■ **Supplied information**:
______

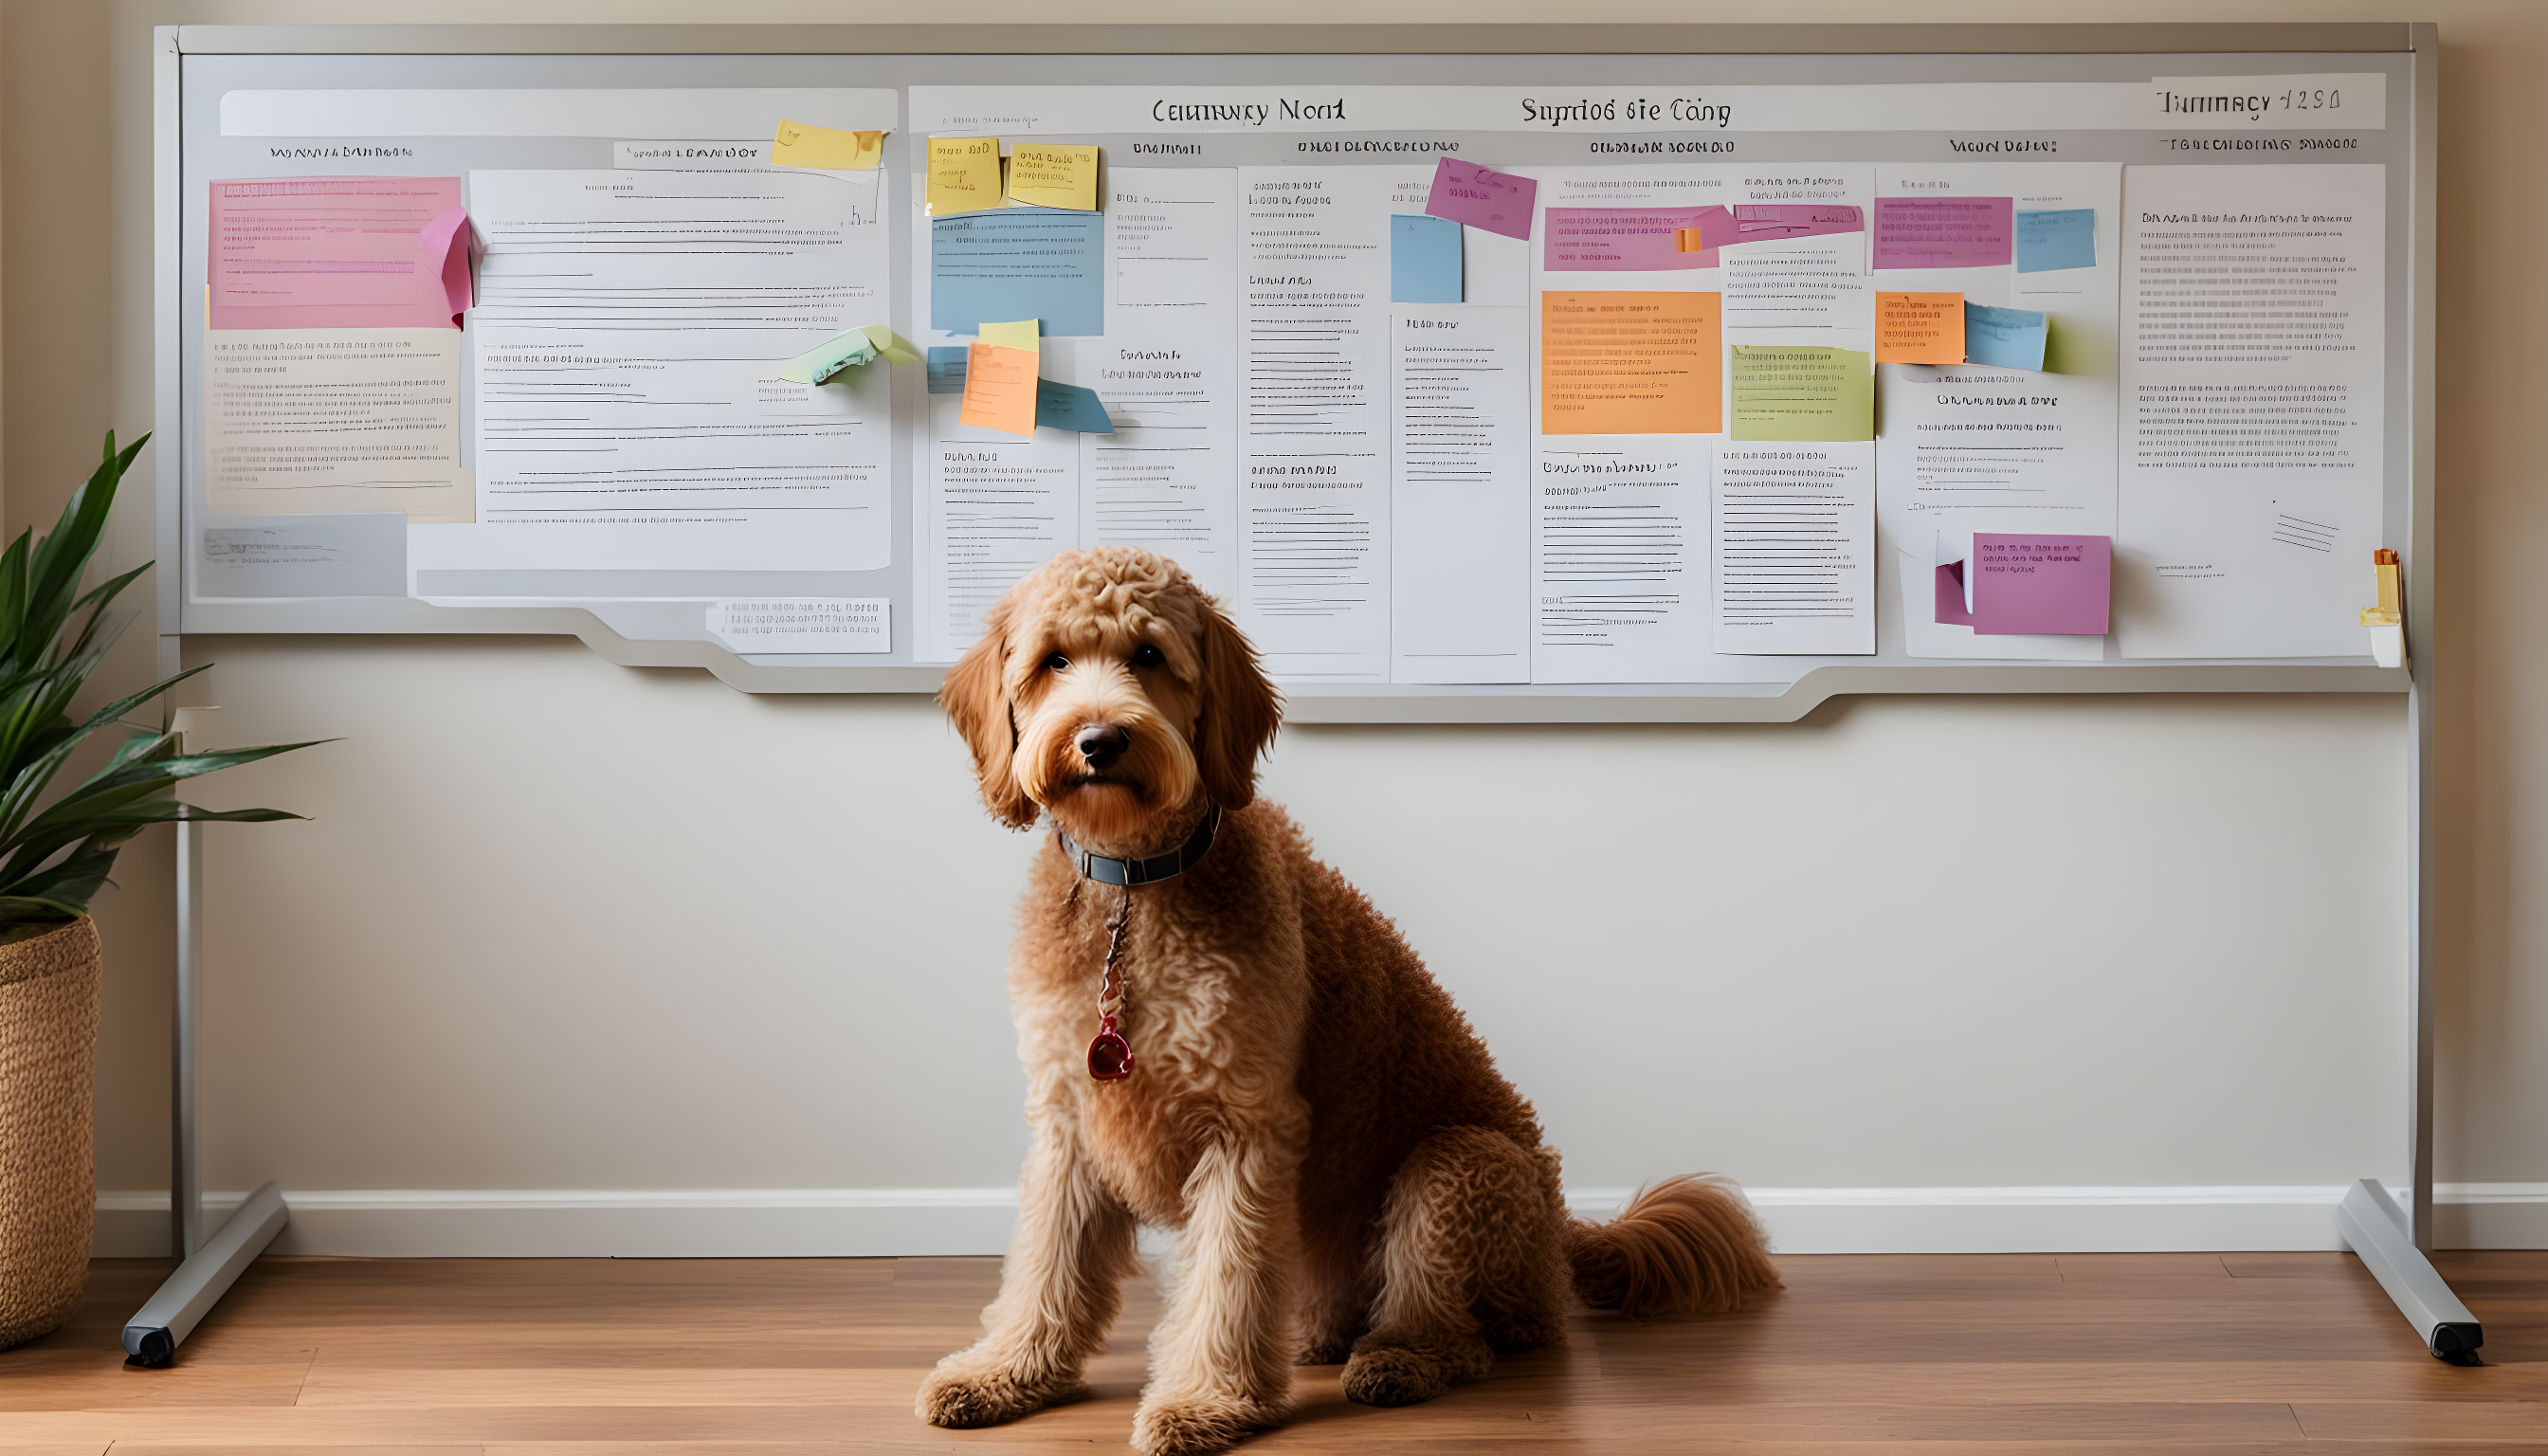 A Labradoodle sitting next to a summary board that highlights the article's key points, offering a quick recap of everything discussed.
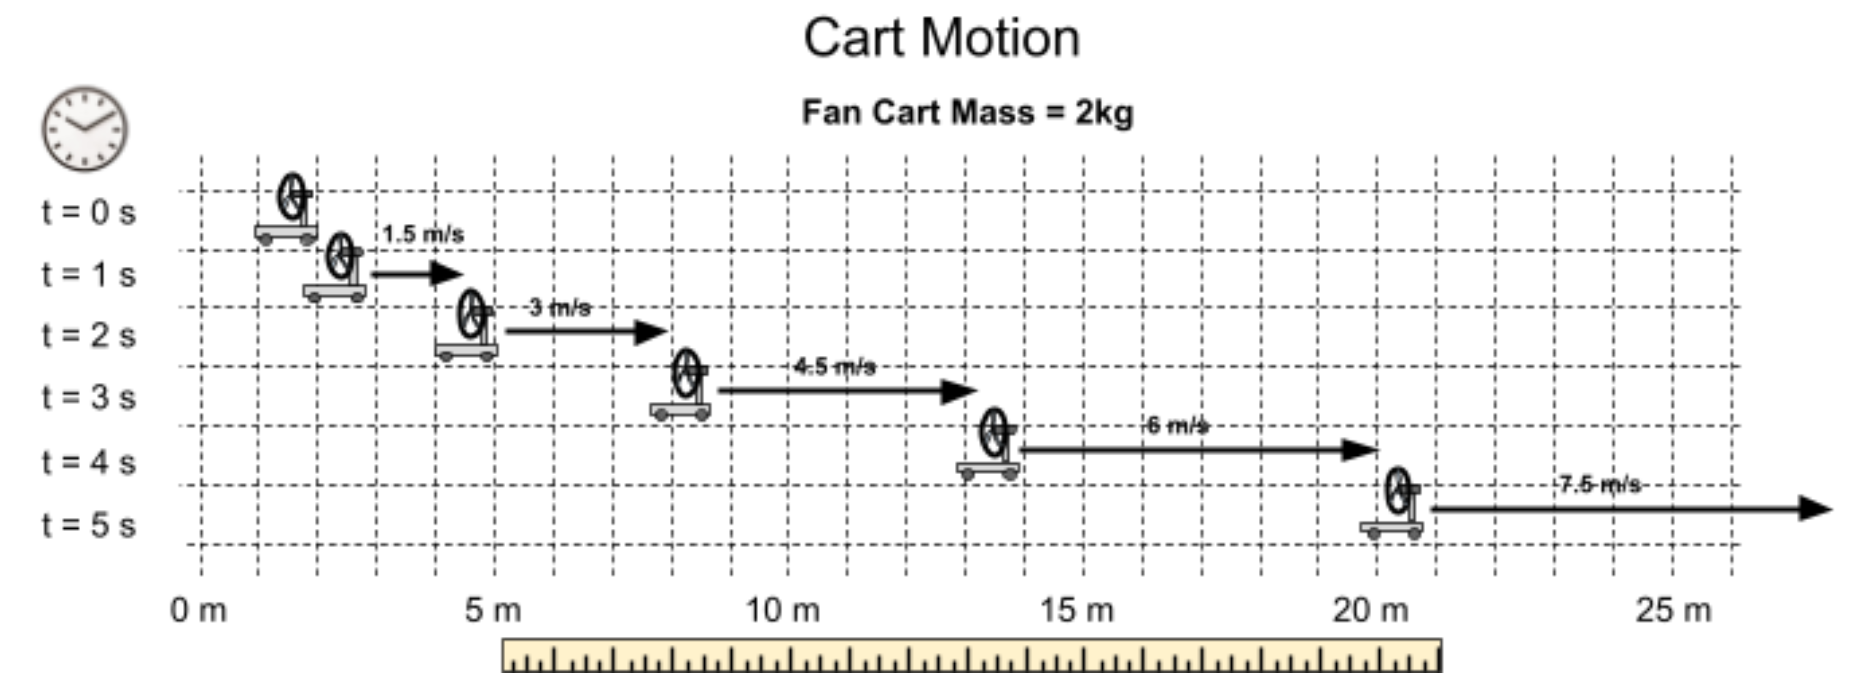 ToC: Image of a Fan Cart Moving on a Graph
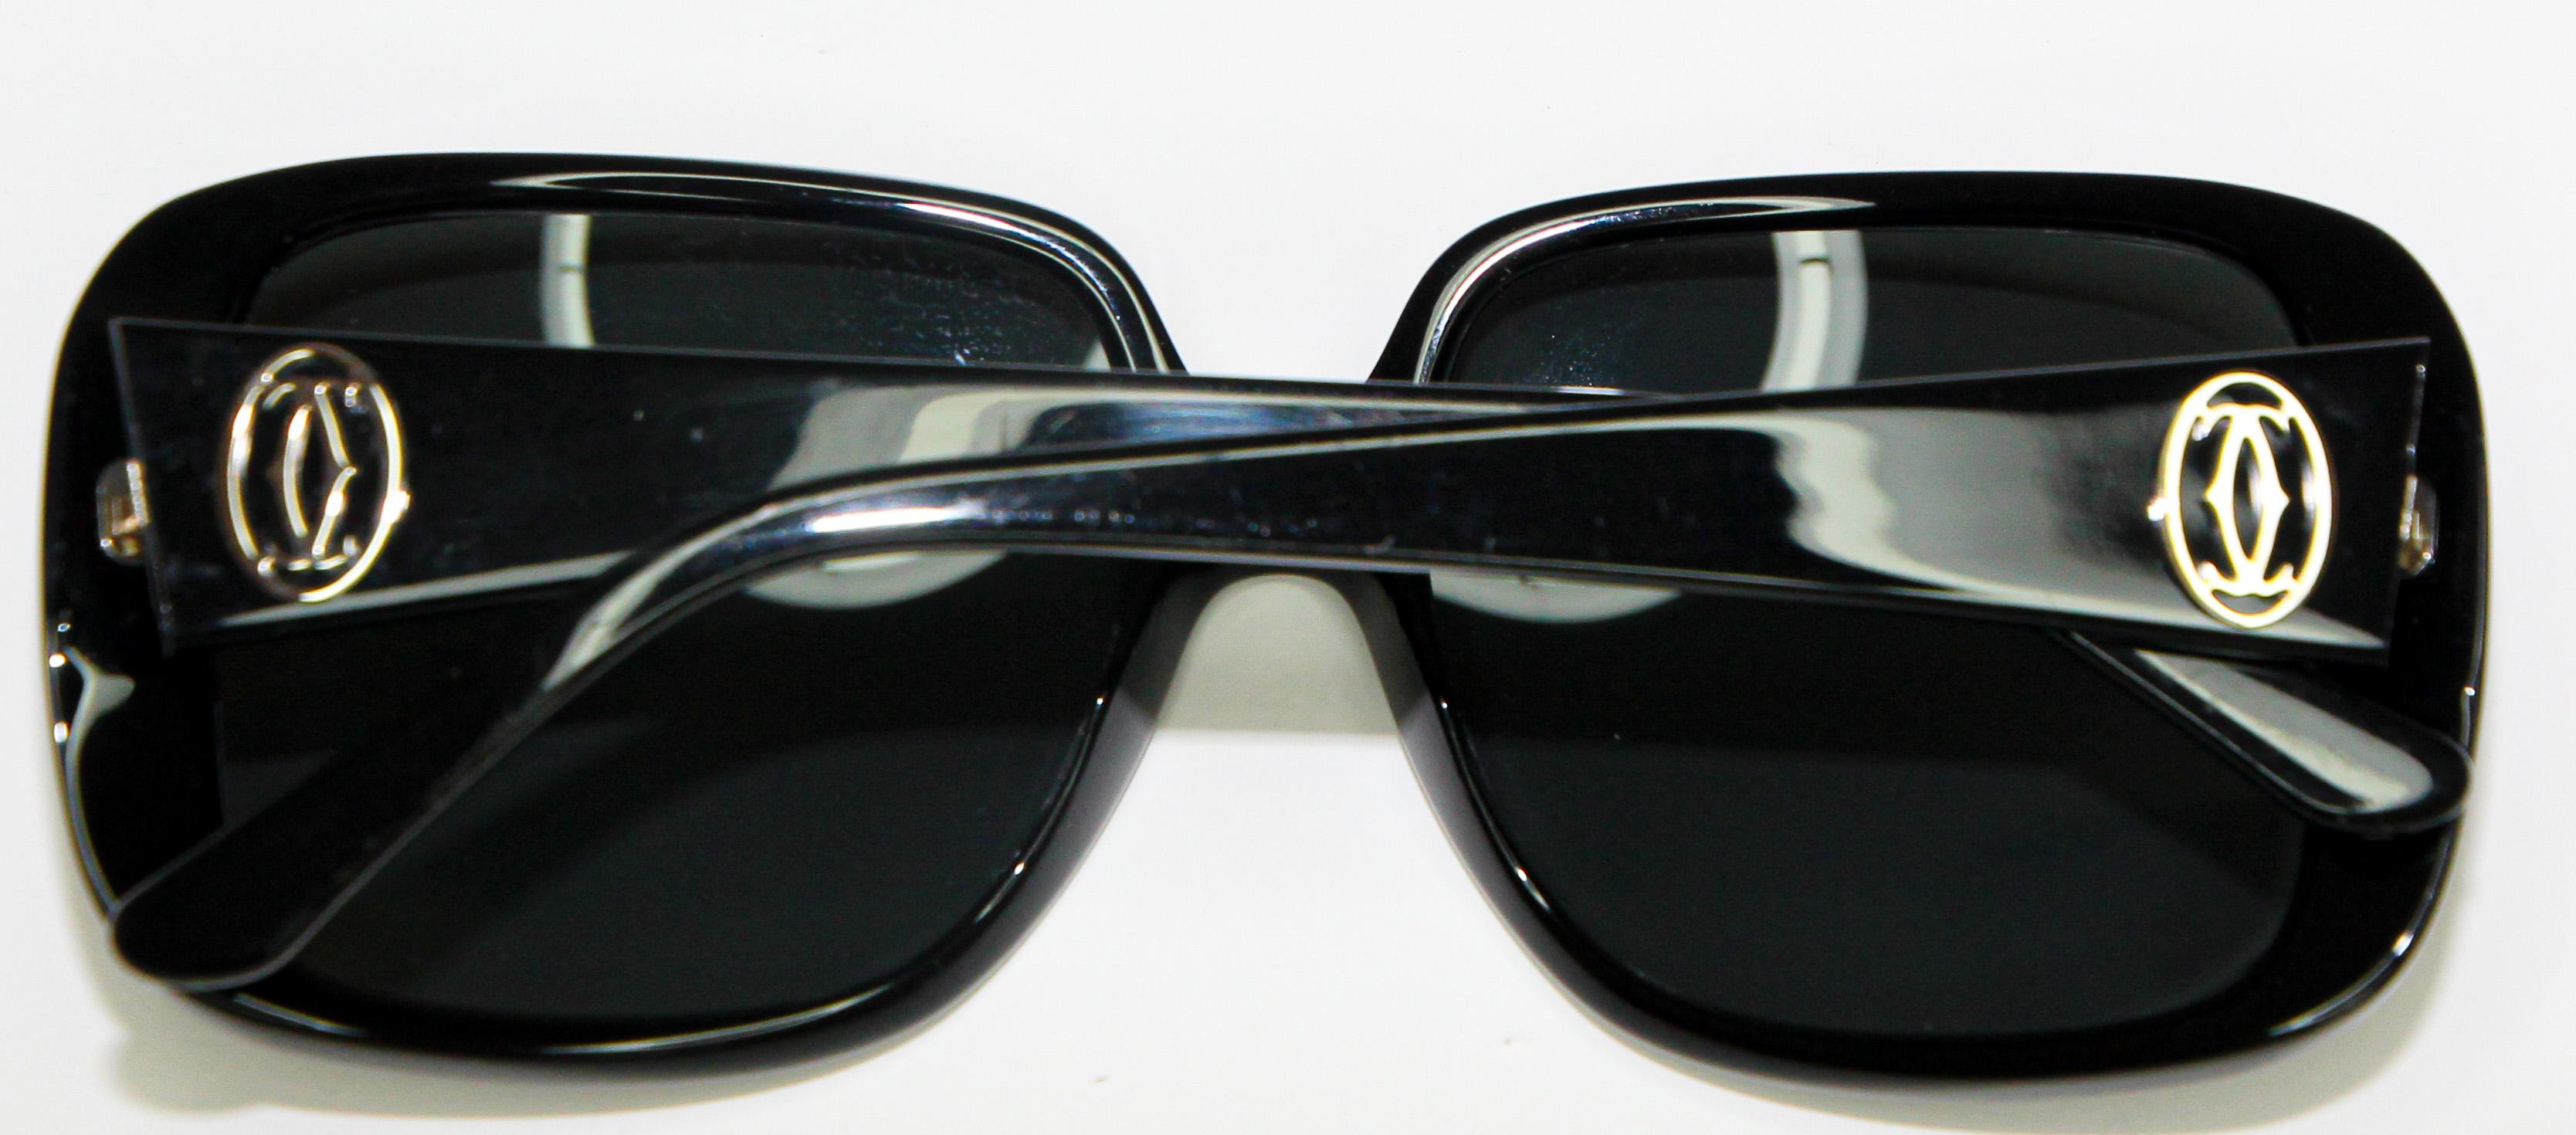 Cartier Vintage Black Sunglasses with Box, 1990 Silver Logo For Sale 3

______

■ **Required work**:
You are asked to reproduce each line above exactly, but to exclude the pictures.

■ **Solved problem**:
 A Labradoodle sitting next to a summary board that highlights the article's key points, offering a quick recap of everything discussed.
 ToC: Image of a Fan Cart Moving on a Graph
 Cartier Vintage Black Sunglasses with Box, 1990 Silver Logo For Sale 3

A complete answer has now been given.